» DATASET EXTRACT
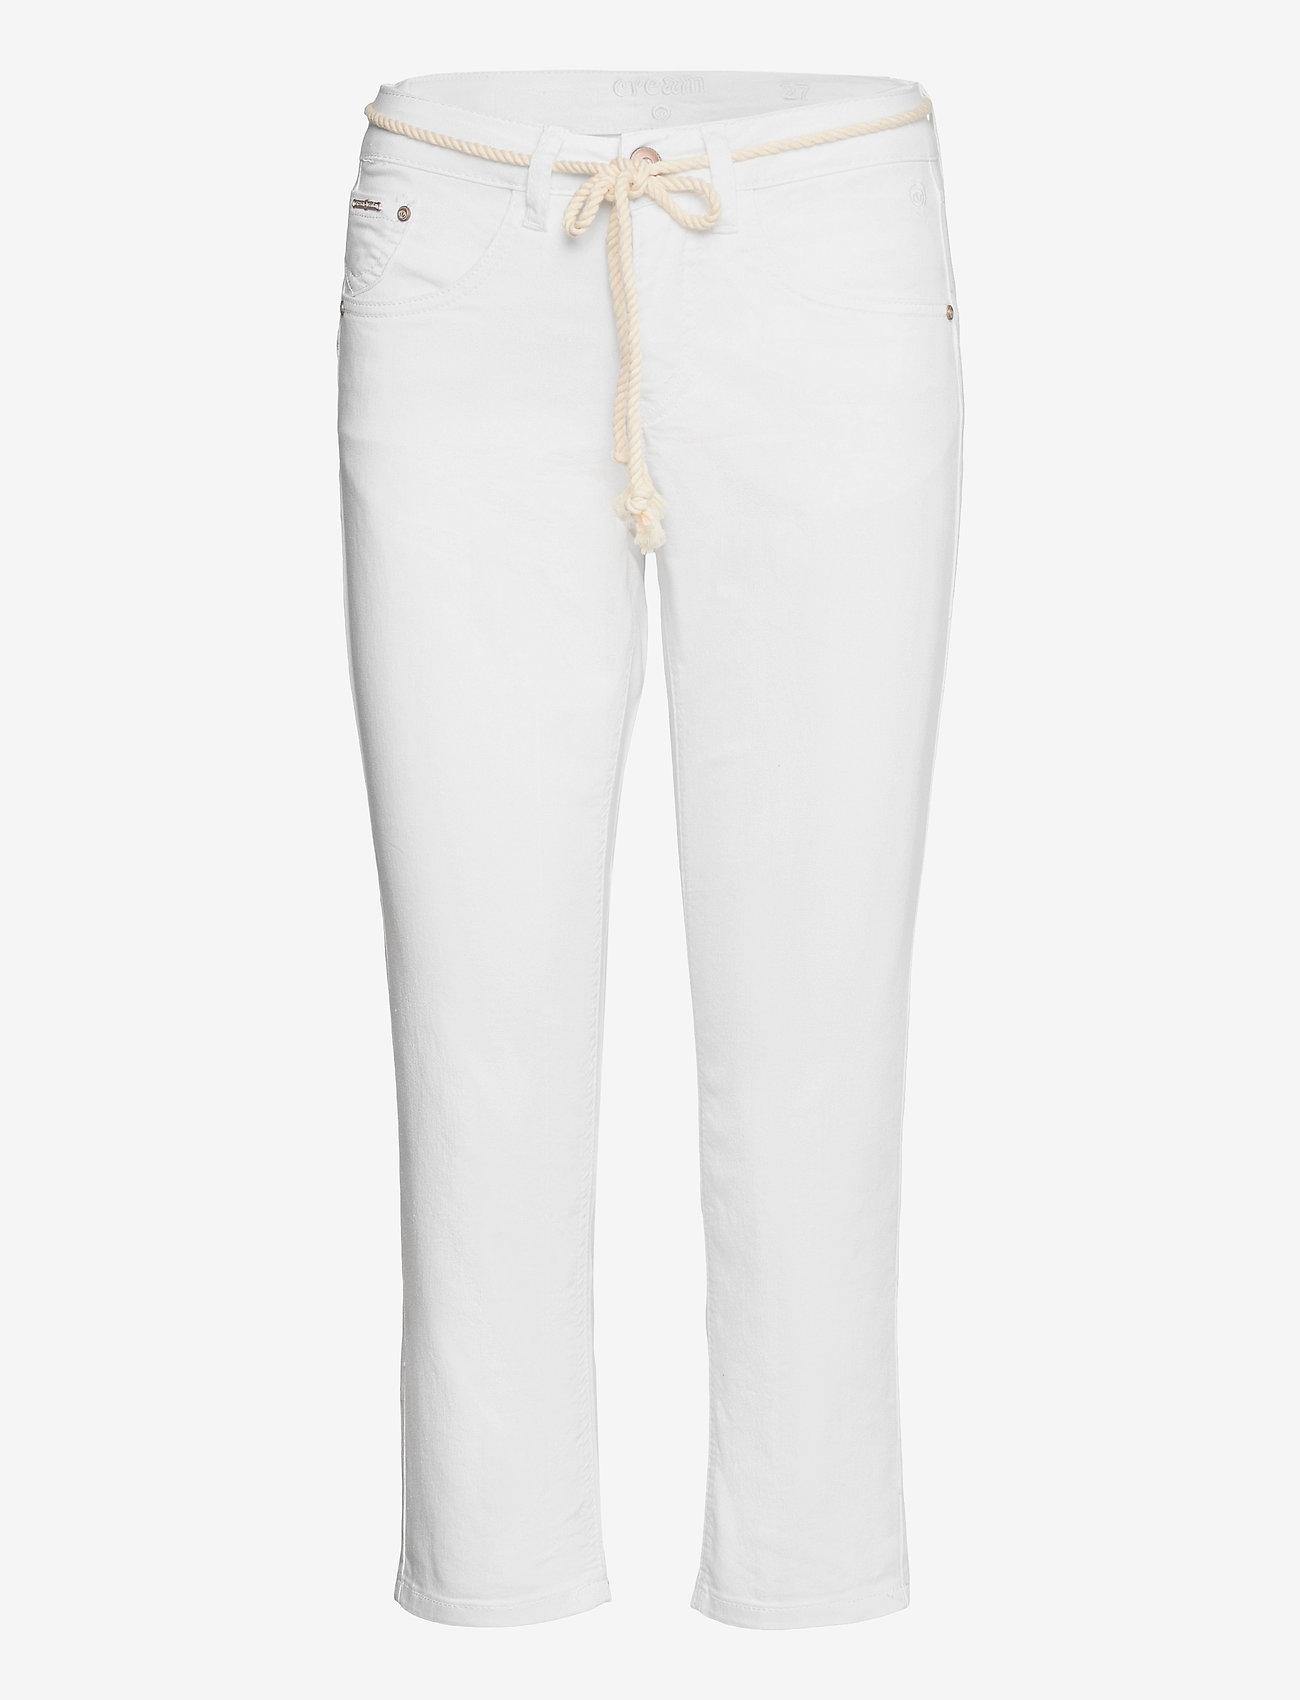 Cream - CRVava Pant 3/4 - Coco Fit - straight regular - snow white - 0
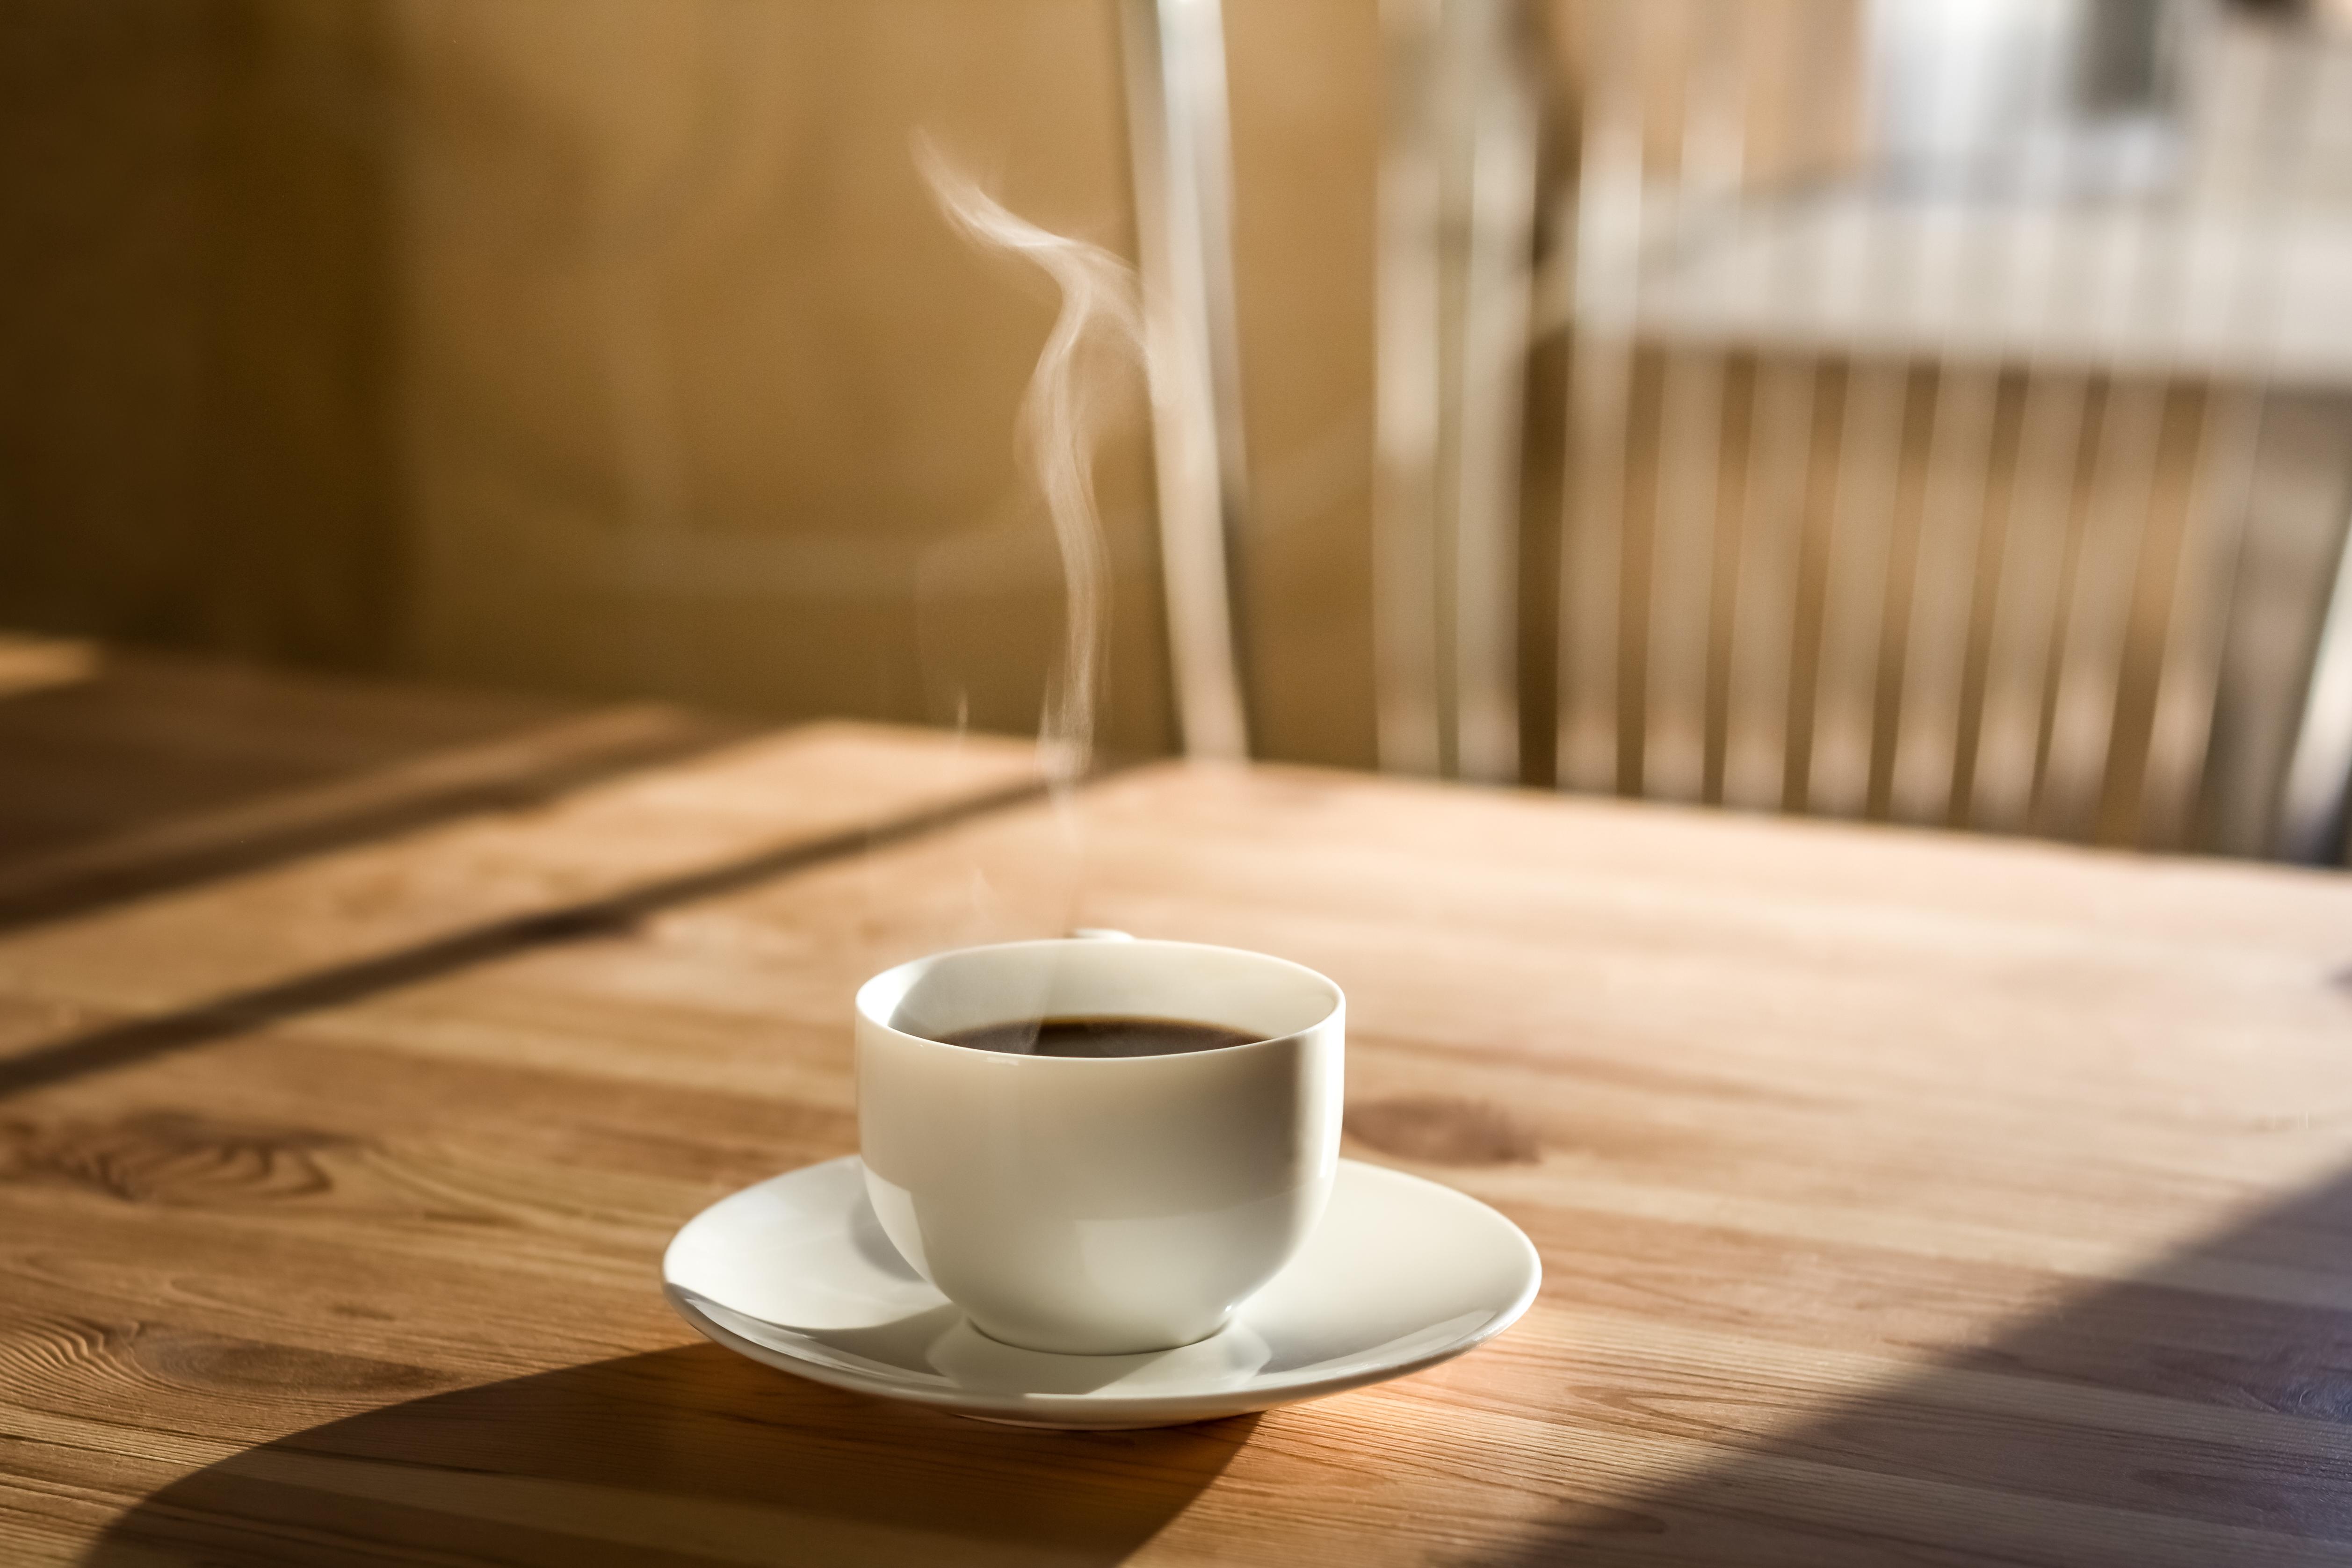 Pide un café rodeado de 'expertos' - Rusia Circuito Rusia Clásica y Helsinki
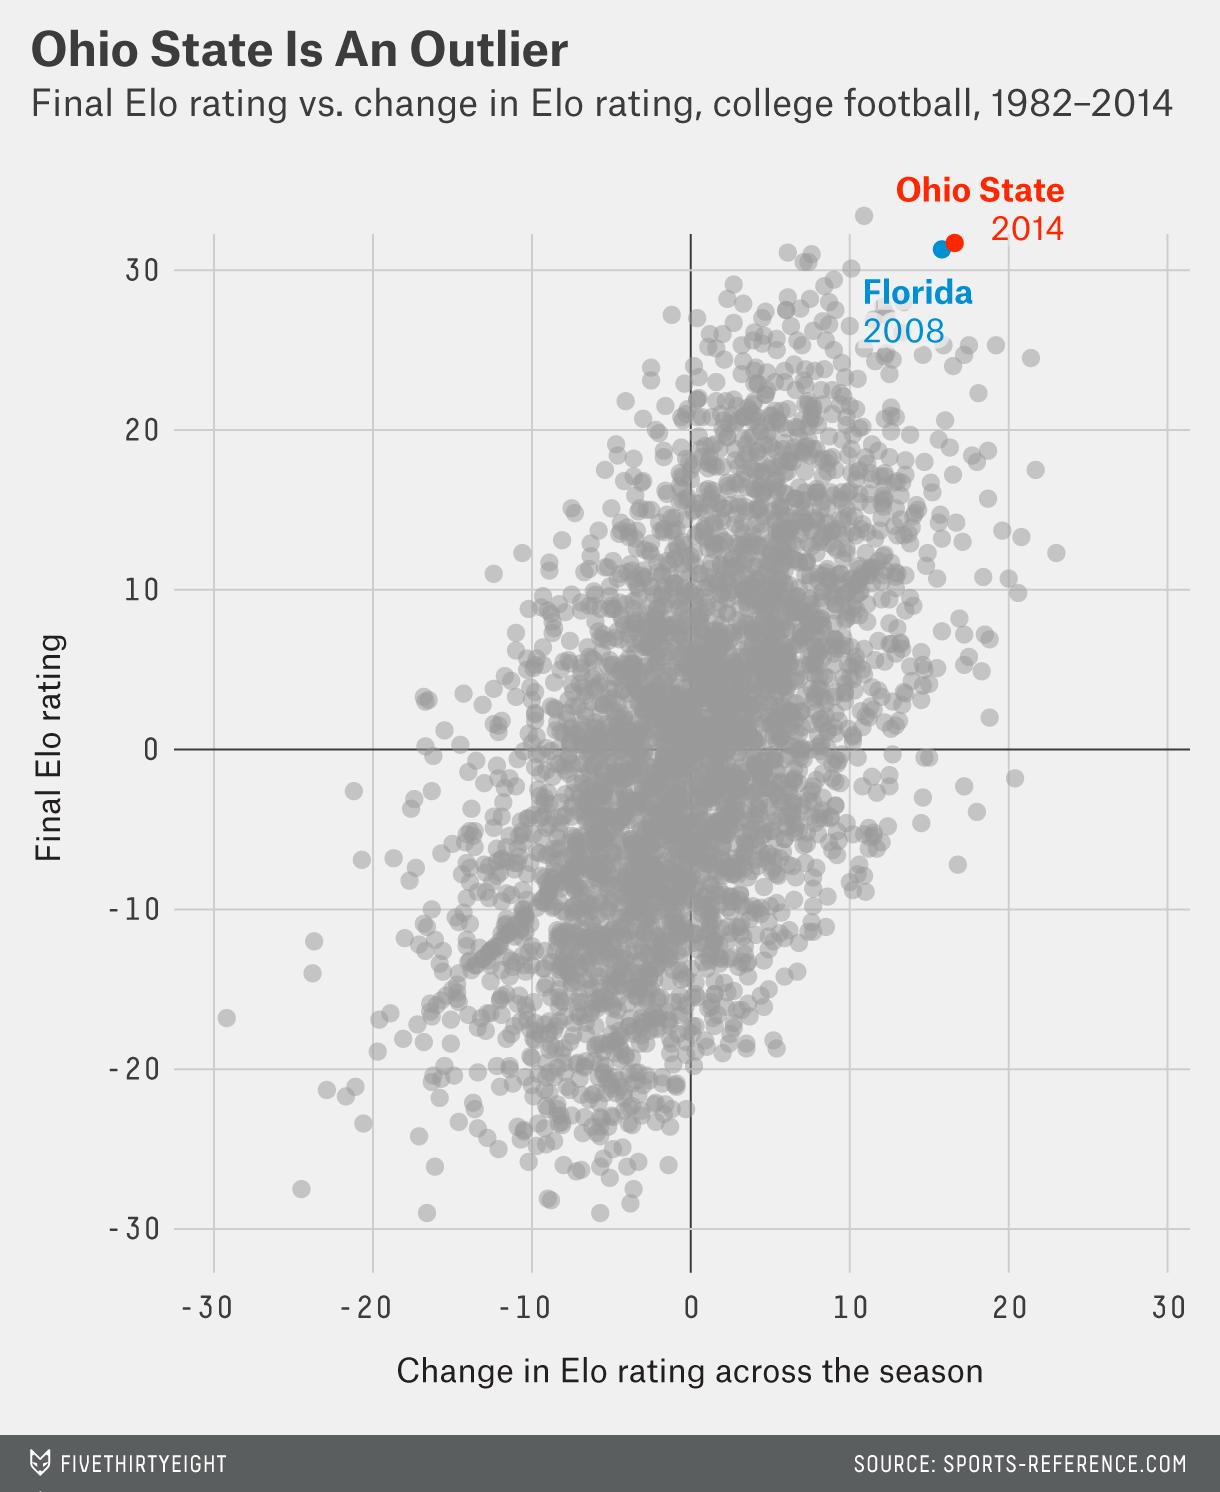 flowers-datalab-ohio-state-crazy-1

» PROBLEM TO WORK ON
In your copy, leave out the pictures and reproduce the material above exactly.

» RESPONSE
 Cream - CRVava Pant 3/4 - Coco Fit - straight regular - snow white - 0
 Pide un café rodeado de 'expertos' - Rusia Circuito Rusia Clásica y Helsinki
 flowers-datalab-ohio-state-crazy-1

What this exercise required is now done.